The Battersby group's work on the biosynthesis of haem-related natural products involved considerable organic synthesis. For example, they produced fully synthetic haem a,[25] haem d1[26] and sirohydrochlorin.[27] Another challenge requiring pure synthesis was to investigate the function of the enzymes that contained porphyrin-related ligands, or (in the case of haemoglobin) used haem for oxygen-transport, by mimicking these properties without recourse to the protein that in nature surrounds the active site. Battersby chose to investigate mimics for myoglobin and cytochrome P450, designing artificial targets wherein a single metal-containing coordination complex was synthesised and its behaviour compared with the natural system it was replacing. The small-molecule targets were porphyrins carrying substituents in positions where they would be unlikely to interfere with the electronic properties of the metal complex. By the time that he retired in 1992, this area of chemistry had become very active.[28] [29]

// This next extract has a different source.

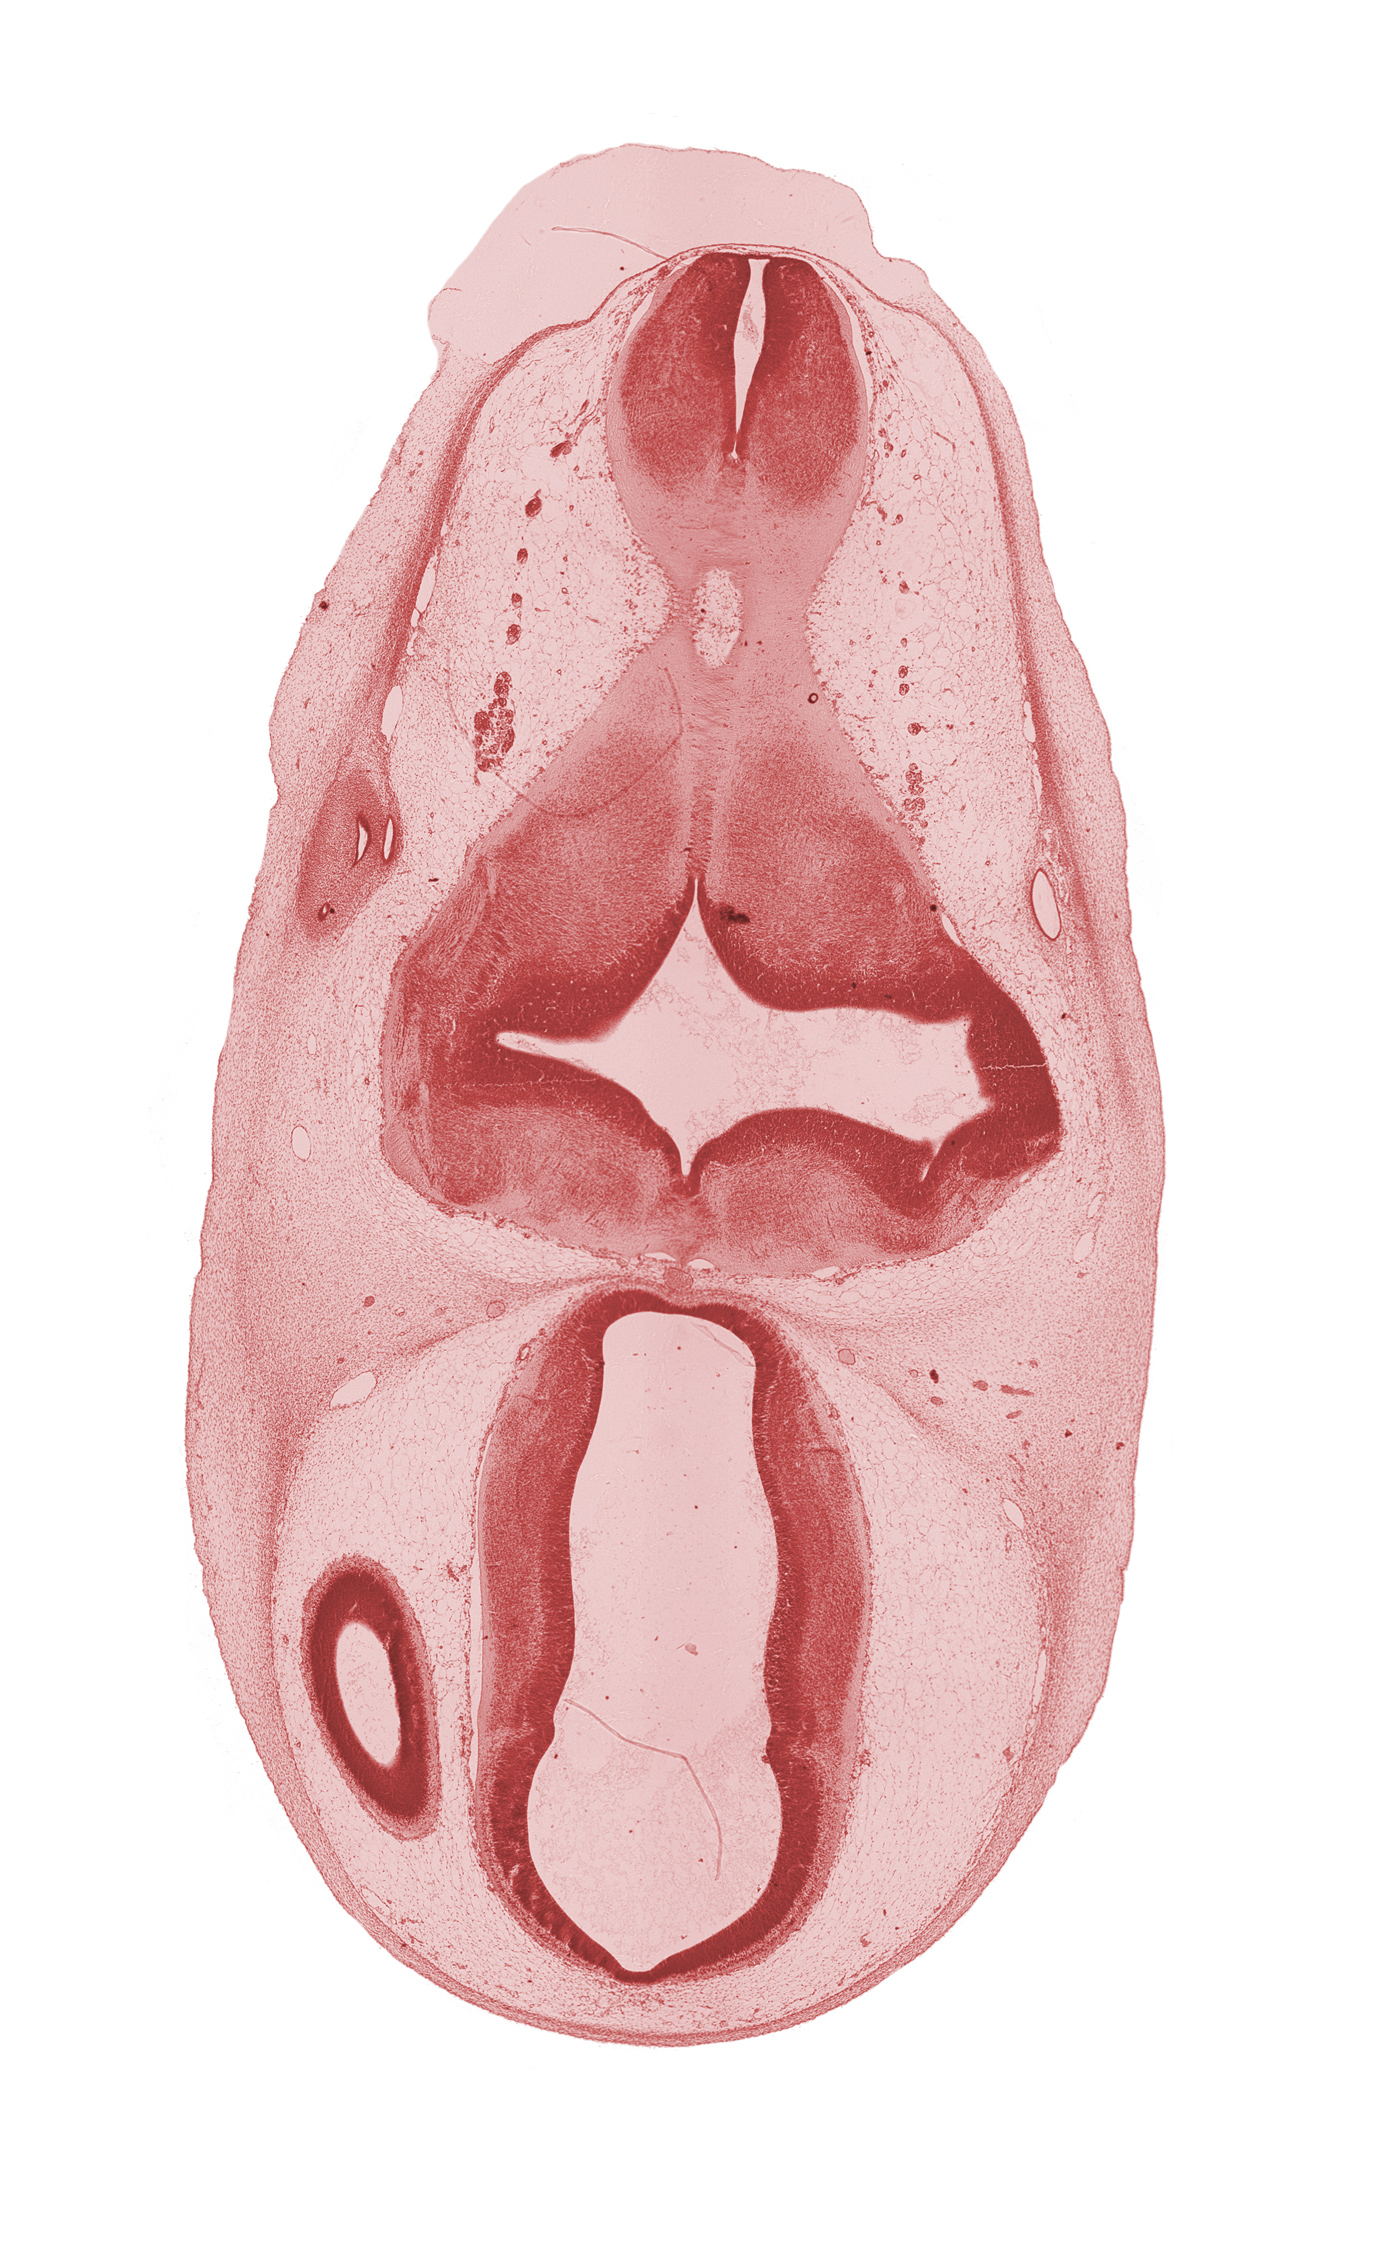 dorsal sulcus, dorsal thalamus, edge of lateral ventricle, endolymphatic sac, epithalamus, hypothalamus, intermediate zone, marginal ridge, marginal zone, otic capsule, pyramidal tract region, rhombencoel (fourth ventricle), third ventricle, ventral thalamus, ventricular zone
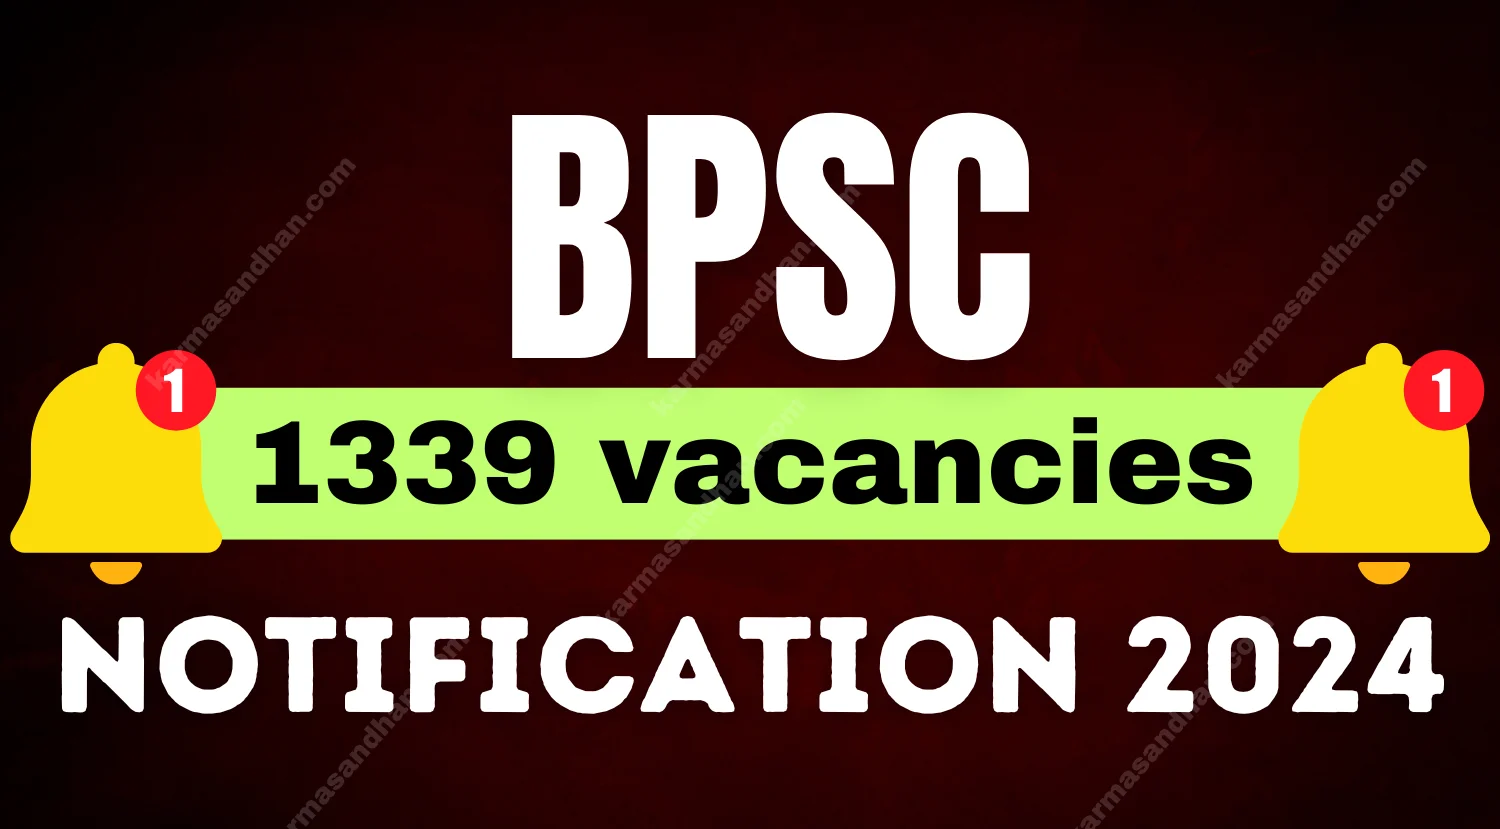 BPSC 1339 Assistant Professor Recruitment 2024 Notification Out

The work described above is a subset of a broader field which attempts to understand the stereochemistry and mechanism of enzyme catalysis. The Battersby group used their expertise in the use of tritium-labelled substrates to probe a number of enzyme systems, for example histidine decarboxylase and tyrosine decarboxylase.[15]
Battersby married Margaret Ruth née Hart in 1949. She was a botanist by profession who died of cancer in 1997. They had two sons, Martin and Stephen, four grandchildren and, after Margaret died, Alan acquired three great-grandchildren. In retirement, he enjoyed hiking and fly-fishing but he also kept in touch with his many colleagues and former students.[3] [4] [30]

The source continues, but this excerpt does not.